# Task item:
With pictures removed, print the listing exactly.

====== Dataset excerpt ======

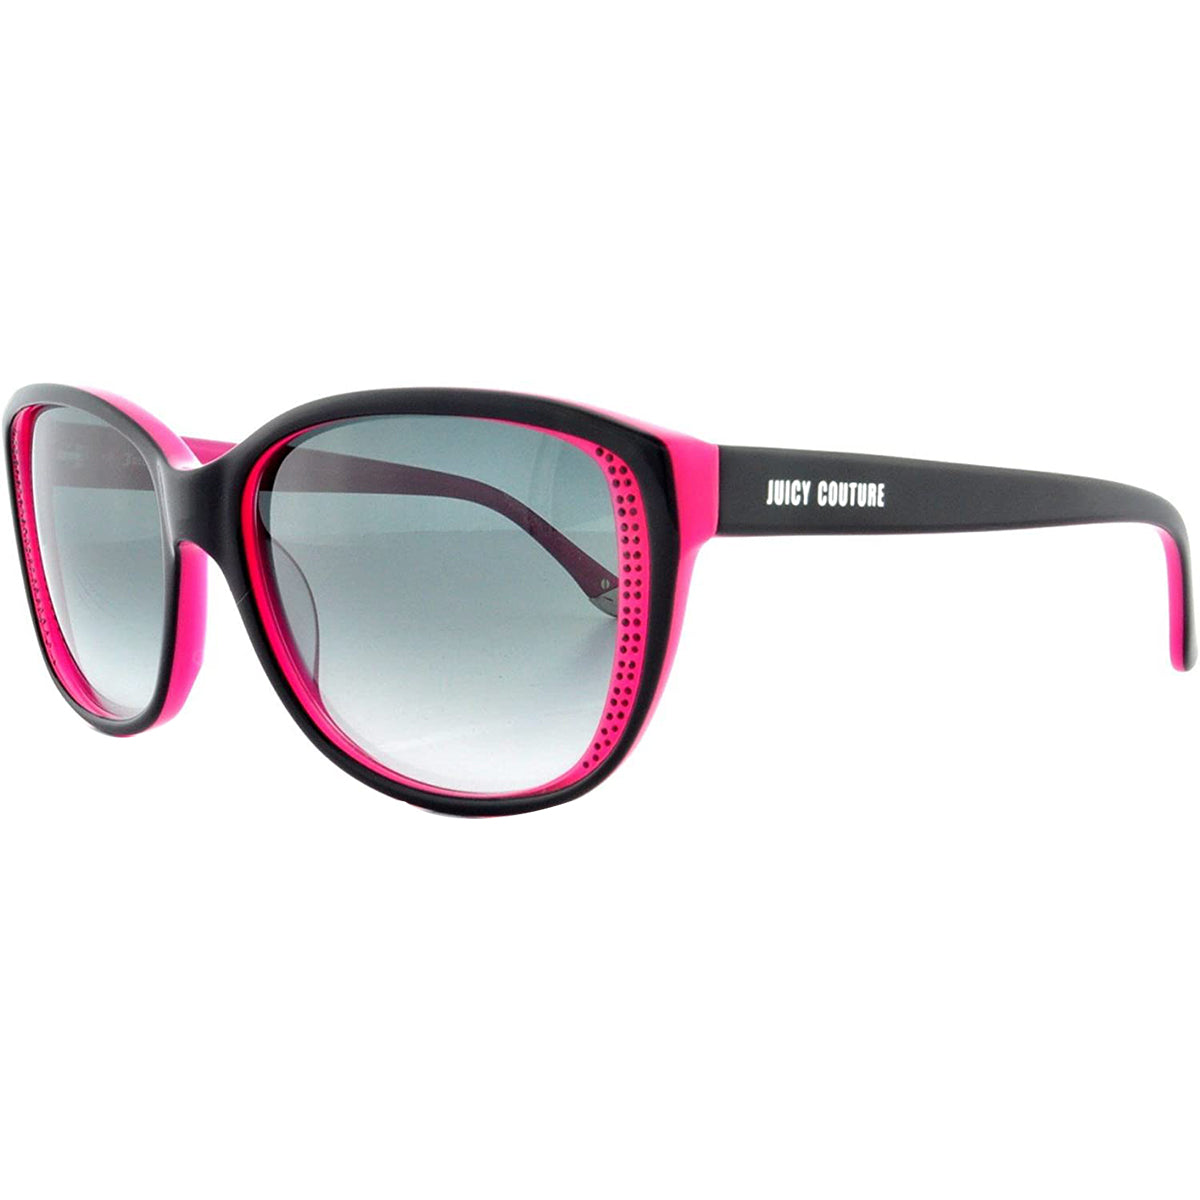 Juicy Couture 518/S Women's Lifestyle Sunglasses-JUC
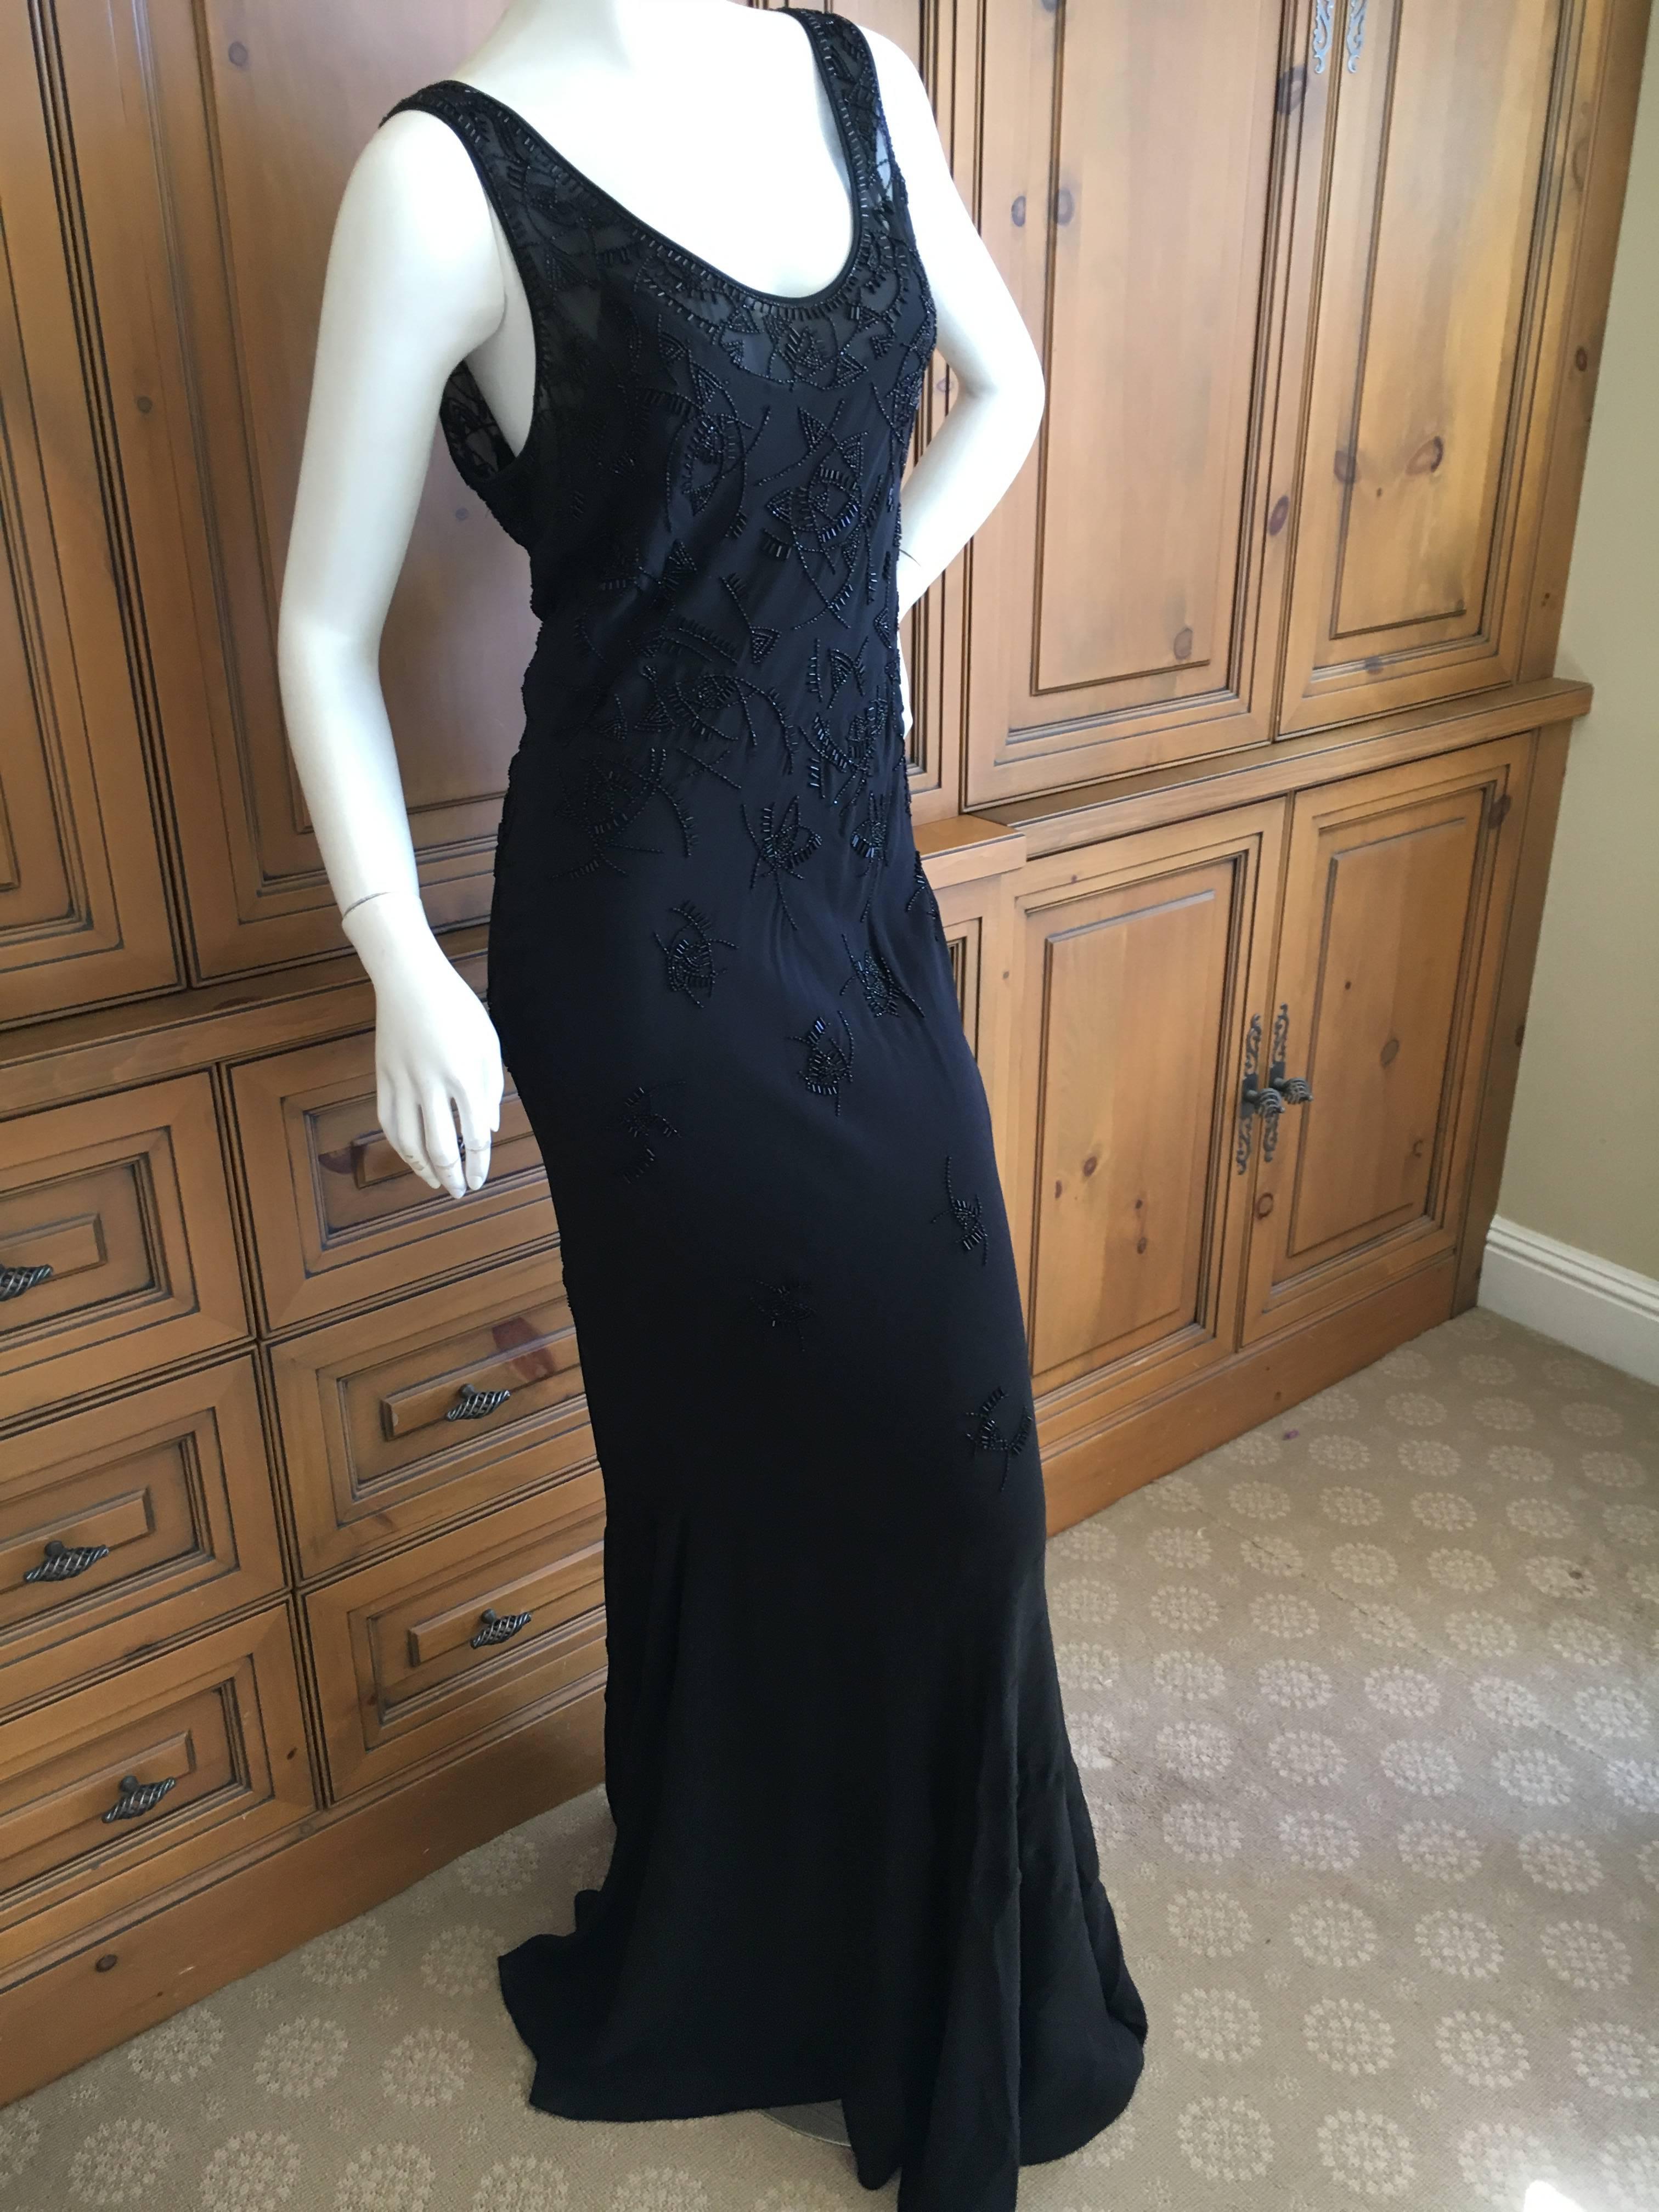 Christian Dior by John Galliano Bead Embellished Black Evening Dress For Sale 4
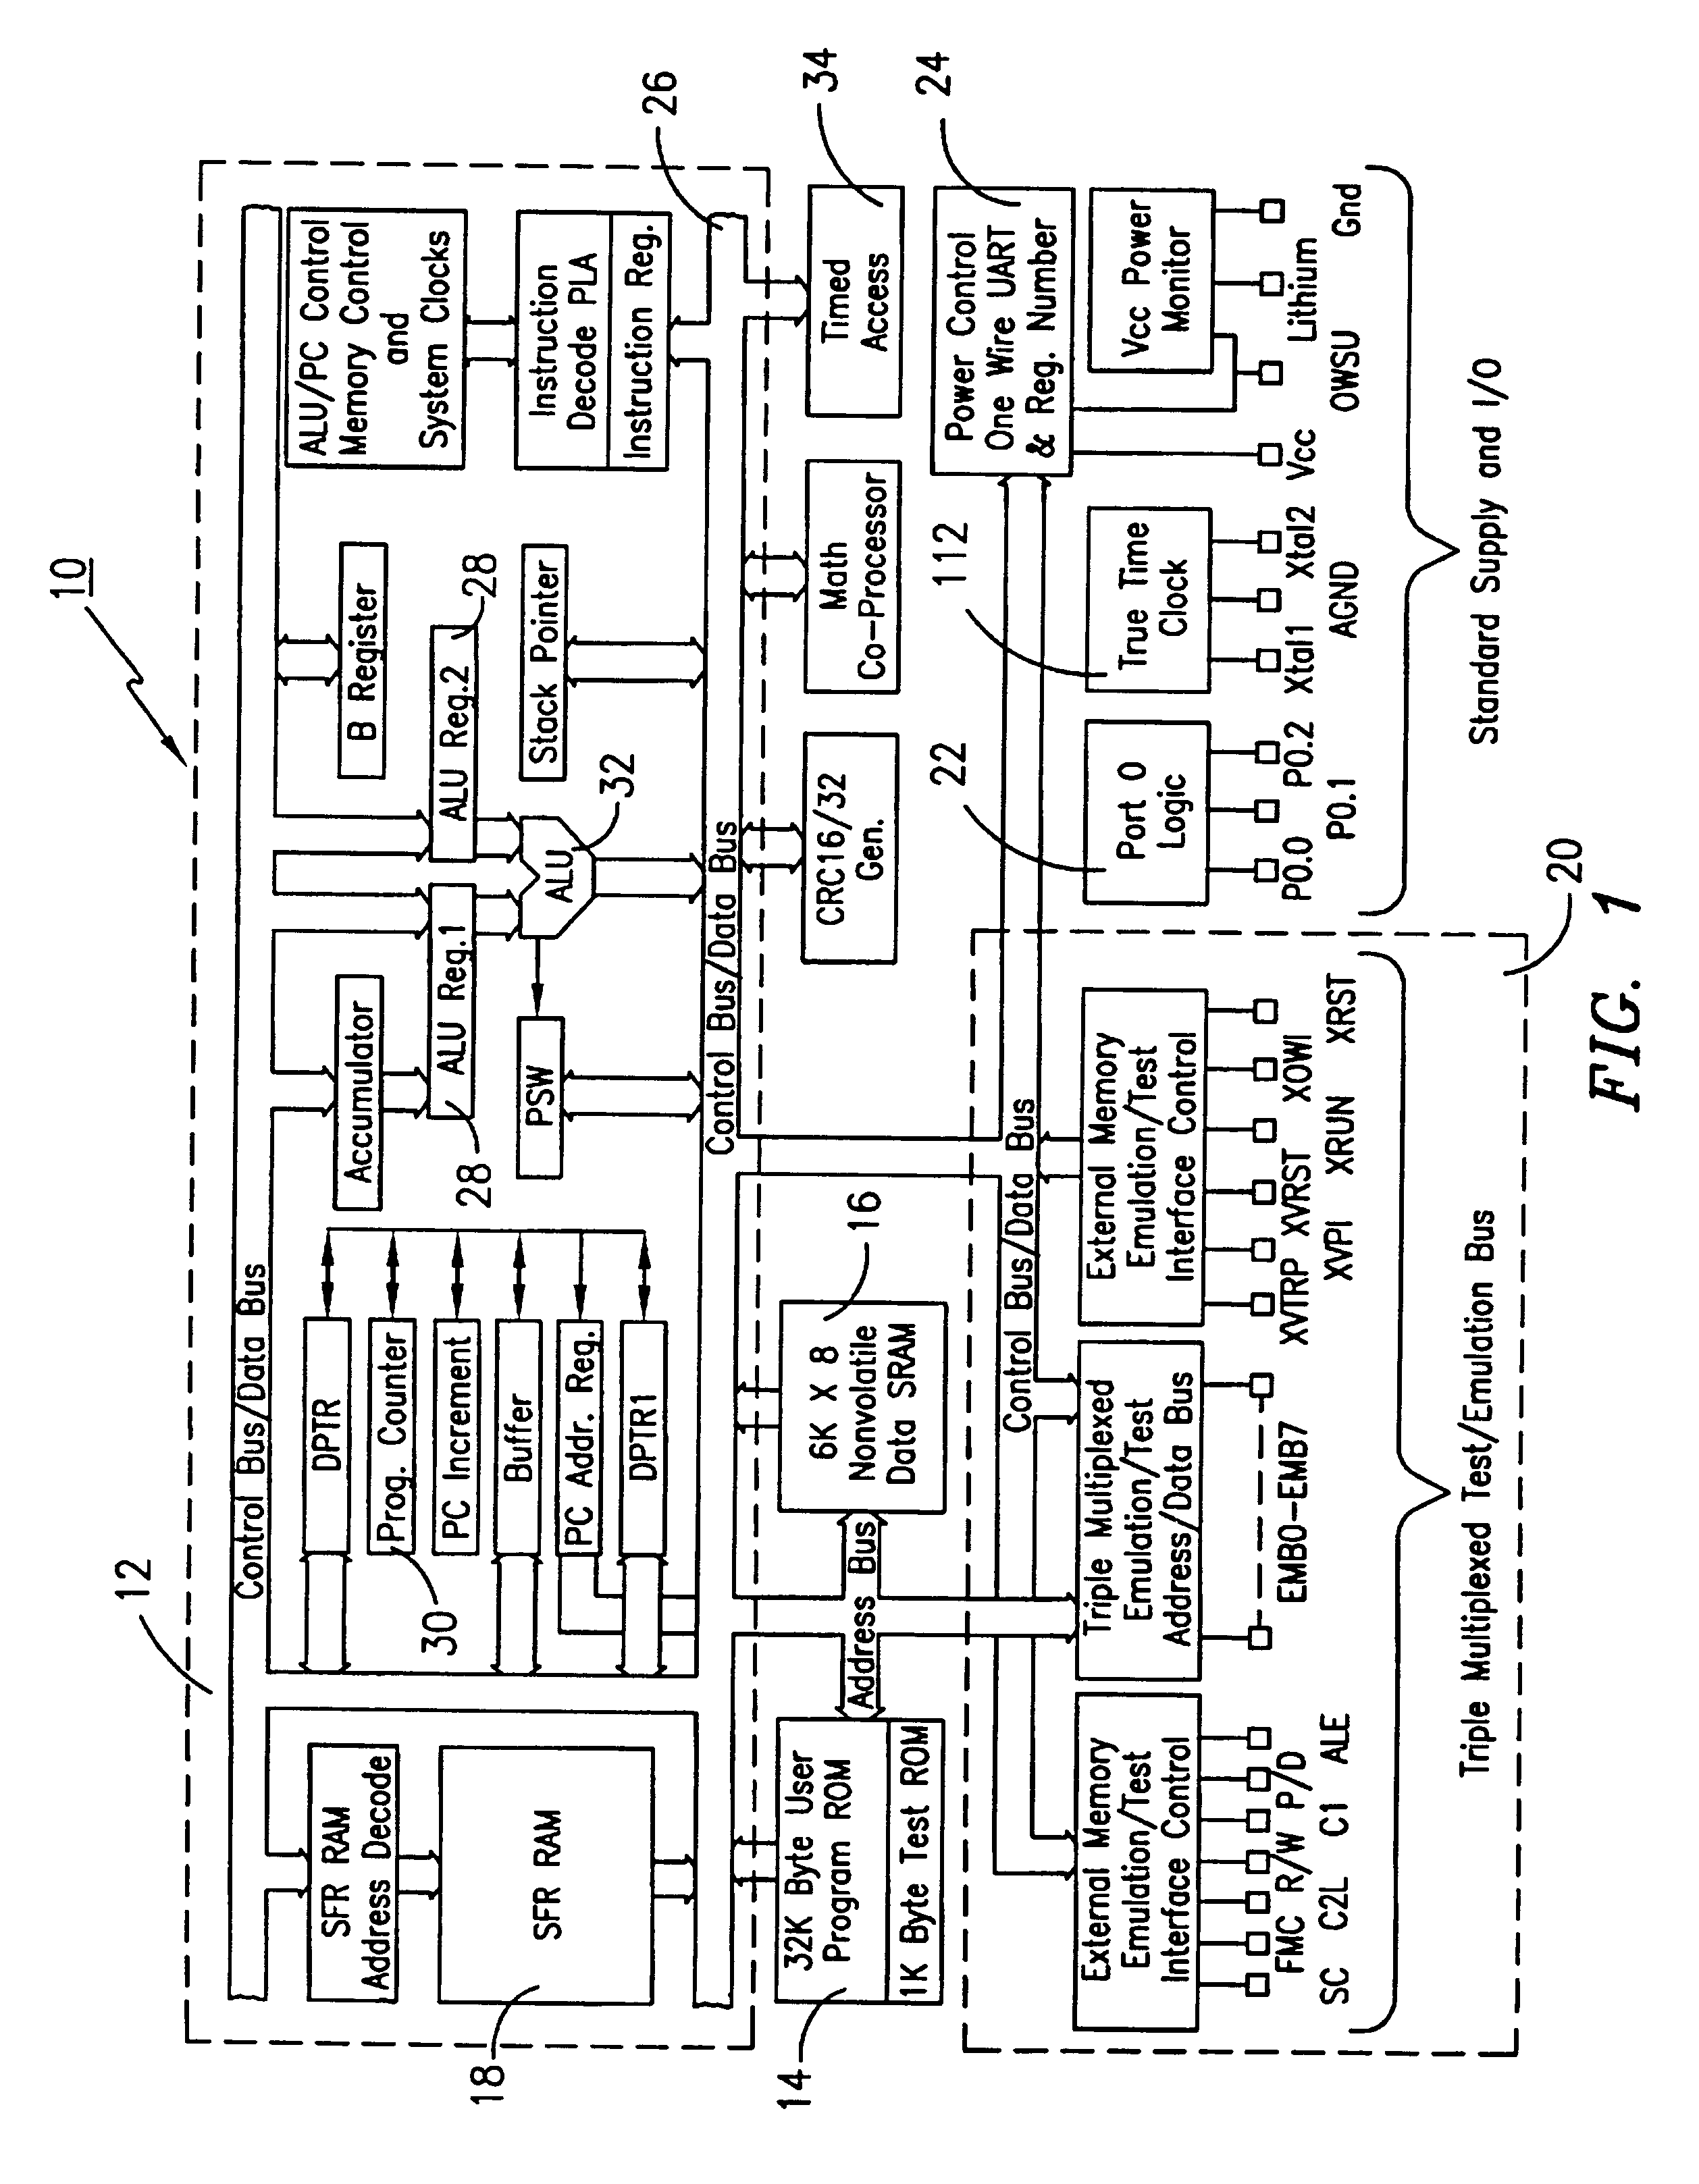 Microprocessor with coprocessing capabilities for secure transactions and quick clearing capabilities

======

# Result:
 Juicy Couture 518/S Women's Lifestyle Sunglasses-JUC
 Christian Dior by John Galliano Bead Embellished Black Evening Dress For Sale 4
 Microprocessor with coprocessing capabilities for secure transactions and quick clearing capabilities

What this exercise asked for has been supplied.